Sunday, 24 March 2013

Brrrlin's long winter puts global warming on ice

Welcome to Brrrlin!  Last year at this time, the trees were budding, the flowers blooming and the birds singing.  Now everybody has the same questions on the tip of their tongue: why's it so cold?  When will it end??  And whatever happened to global warming???

It's still here.  In fact, this is probably how it should look... for those of us in northwestern Europe it should, anyway.  We can blame the Gulf Stream for that.  Or rather, we can blame the humans, since it is humans that are messing it up.



It’s a common misconception that spring arrives in Europe, Canada and the rest of the Northern Hemisphere because that is when the days start getting longer and the earth starts getting nearer to the sun.  Actually, the arrival of summer has nada to do with the length of the days and the earth’s distance from the sun.  If there was any relationship between those things then it would be impossible for Australia to experience scorching summers at the same time of year when Europe and Canada are freezing cold.    

To understand Berlin's cool summer in 2012 and its extended edition of winter 2013, one first has to understand that its summer comes here largely courtesy of the Gulf Stream.  If it wasn't for the Gulf Stream, northwestern Europe, Britain and North America would be damn cold all year round. 

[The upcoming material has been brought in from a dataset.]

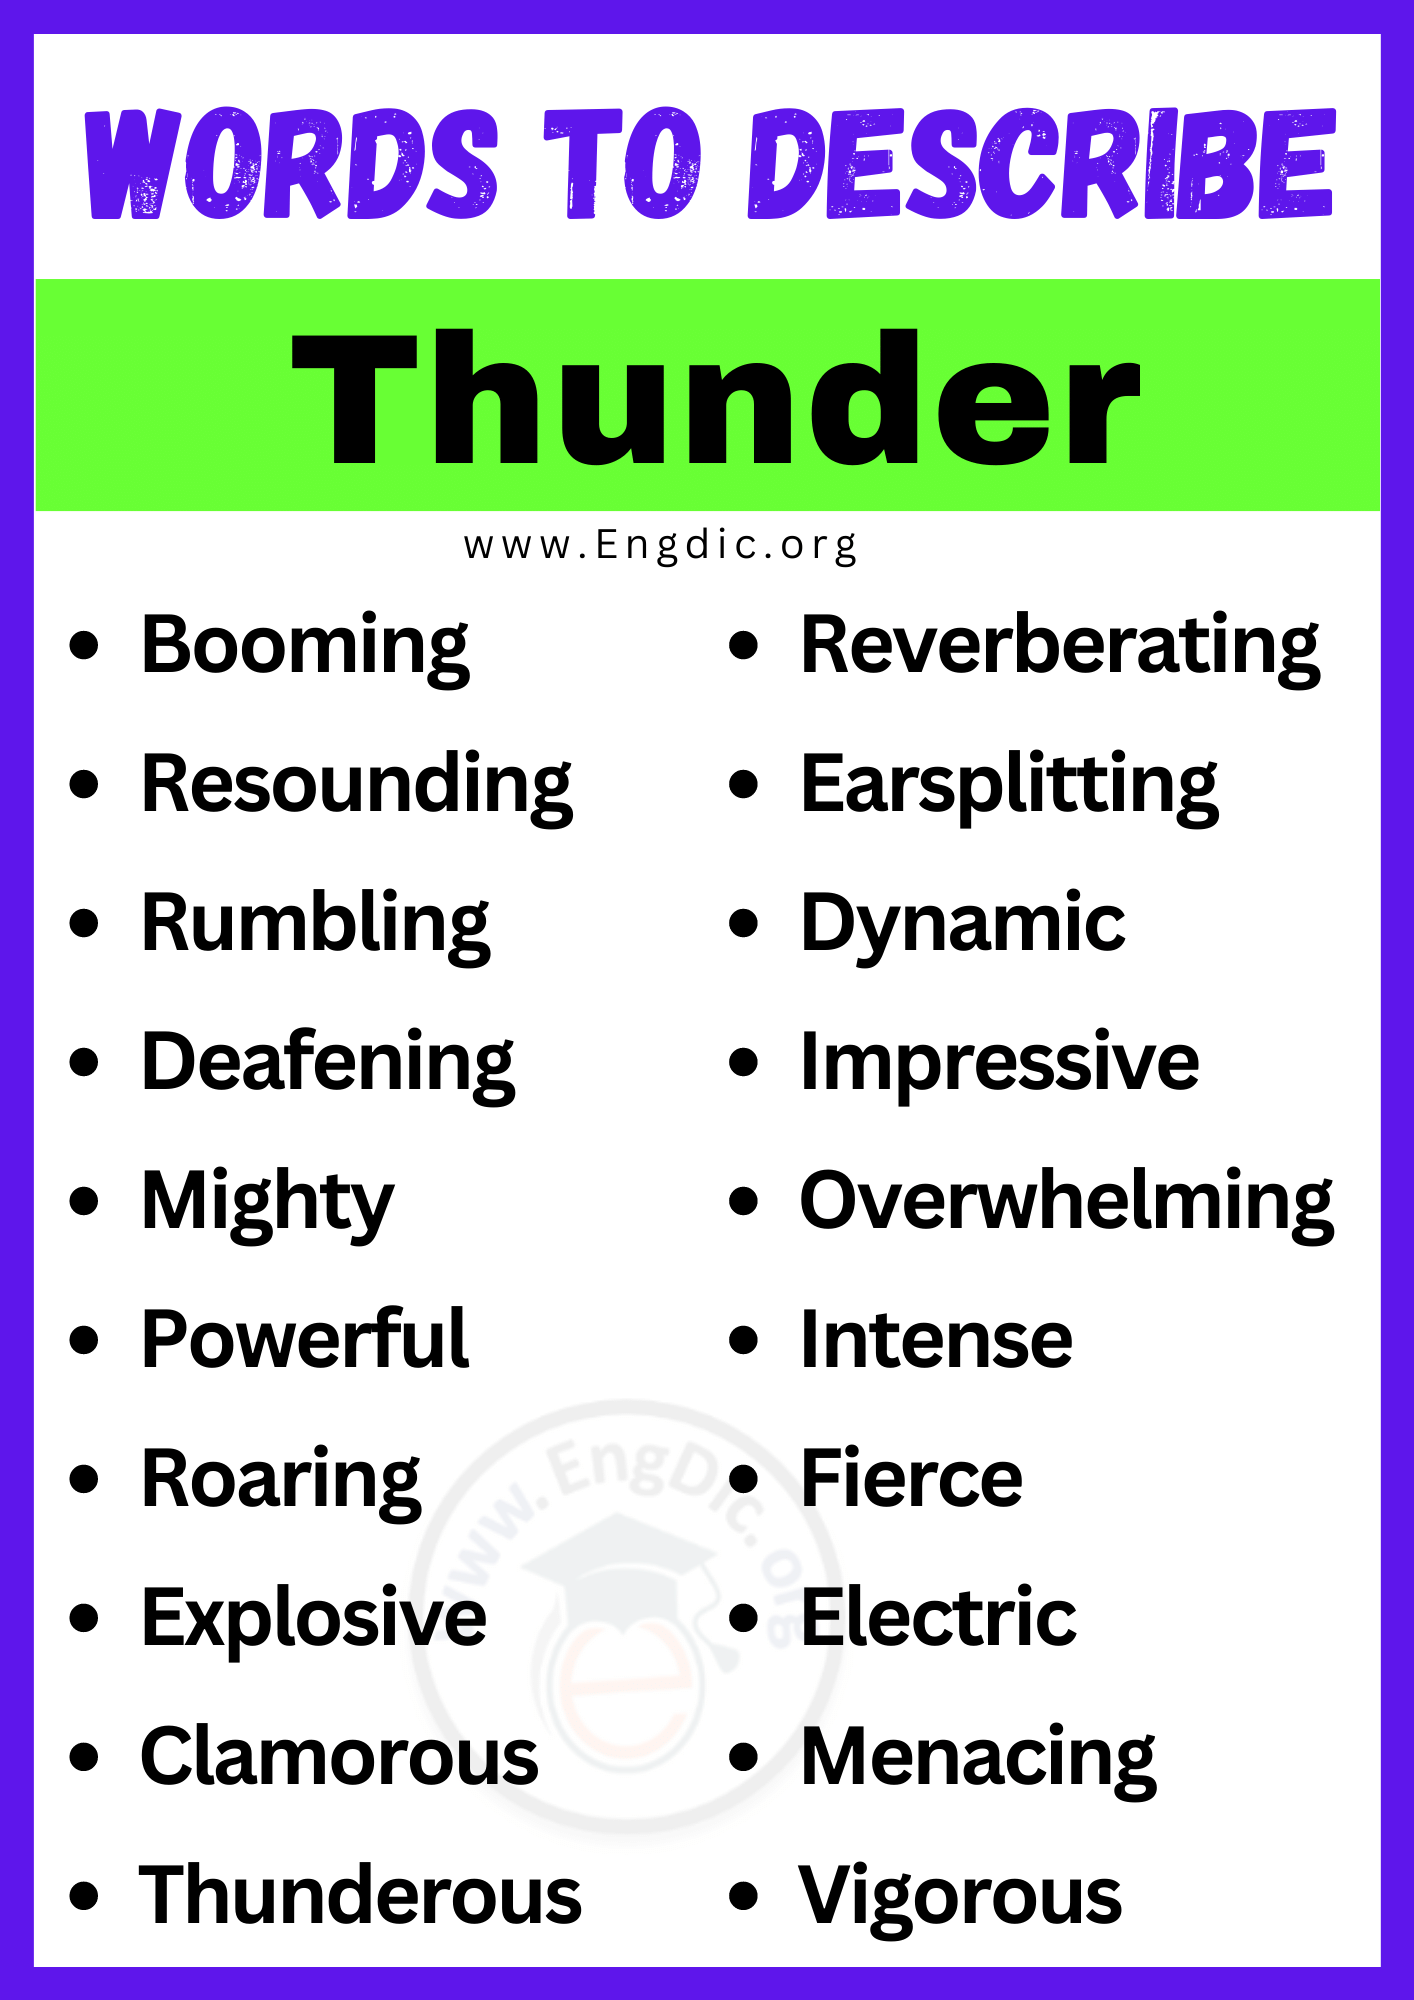 Words to Describe Thunder

The Gulf Stream is part of a massive, circular current that runs through the oceans, bringing warm water and air up from the equator, to the Atlantic ocean.  As the equatorial waters heat up in spring and summer, so does the Gulf Stream; in turn, it shares its warm wealth with Atlantic areas of Europe and North America.  How much wealth?  The warm air and water carried by the Gulf Stream is “comparable to the power generation of a million nuclear power plants” according to NASA.  Without the Gulf Stream, “Europe's average temperature would likely drop 5 to 10°C (9 to 18°F).”  In Europe, winter doesn’t ever really end... the Gulf Stream just pushes its 'pause' button each year, with a gust of imported heat from below. 
  
In 2005, however, the Gulf Stream was reported to be slowing dramatically.  The slowing of the Gulf Stream is "intimately linked with dramatic regional cooling" according to Bill McGuire, Benfield Professor of Geophysical Hazards & Director of the Benfield Hazard Research Centre, University College London (try saying that five times fast).  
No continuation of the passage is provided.